Team members: Yifan Yu, Shinjeong Kim, Alexis Tabin, Marco Voegeli
The code used to download, process, and generate normal difference values are included in data
folder. The csv
files are directly from Hypersim dataset. download.py
is modified from this download script to download only the subset of data we used, with only RGB images, camera-world surface normals, and camera pose details (only for 3D line reconstruction).
normal_diff_label.py
reads the downloaded data and produce data including the LSD(Pytlsd) detections, ground truth filtering of the line segments (using 45deg threshold), and calculated surface normal differences per-pixel, which are then used to train our models.
The Omnidata surface normal estimation baseline is easy to run using the demo in the official repo, the images need to be resized to 384x384, and the estimated surface normals are scaled back to original shape using nearest-neighbor interpolation. The surface normals are then processed using (commented) code in data/normal_diff_label.py
to calculate the normal differences and classify the segments by comparing to threshold.
Instructions are in the README file in normal-difference-prediction
.
In weighted-regression
we included a deviation from the prior model, where we apply a weight mask on the segments of the image where lines have been detected. Use weighted-regression/regression.ipynb
to run, display the weight mask, and shows the performance of the model.
It requires the data generated from the data folder.

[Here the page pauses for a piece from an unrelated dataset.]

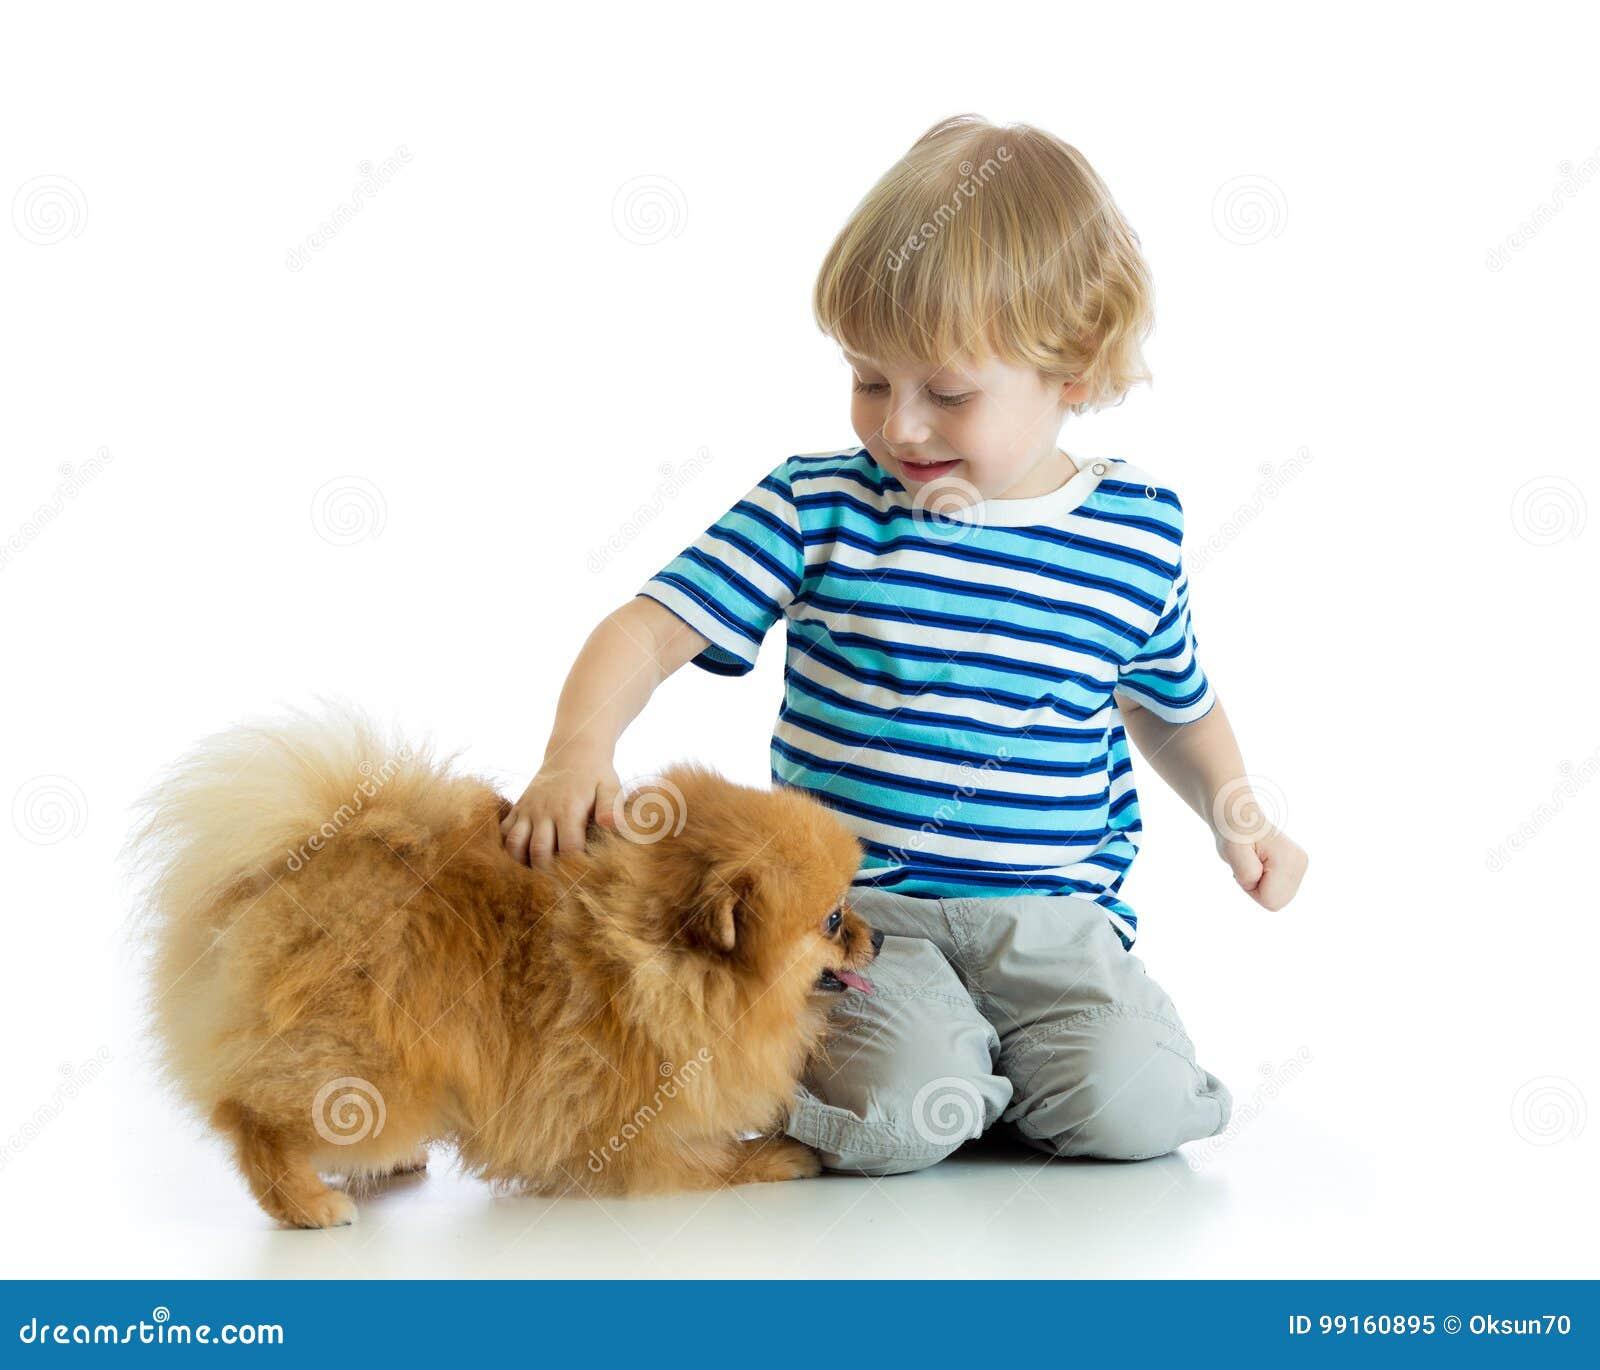 Little boy with dog spitz, isolated on white background

This adapted version of LETR allows simultaneous detection and classification of lines into two classes (structural, textural). It is modified from the code and model taken from this paper: Line Segment Detection Using Transformers without Edges
Follow instructions in the README file in letr-adapted
.
The 3D line reconstruction pipeline we used is one Yifan helped develop, but the pipeline is currently under review and is not open-sourced yet. So unfortunately we could not provide the code to reproduce the reconstruction results here.
In reconstruction
, we included the reconstructed 3D line we put in the report in .obj
files. The 3 files correspond to the reconstruction result by filter-before, filter-after, and using all line segments (baseline), on scene ai_001_010
and cam_00
trajectory. The lines kept are visible from at least 4 views.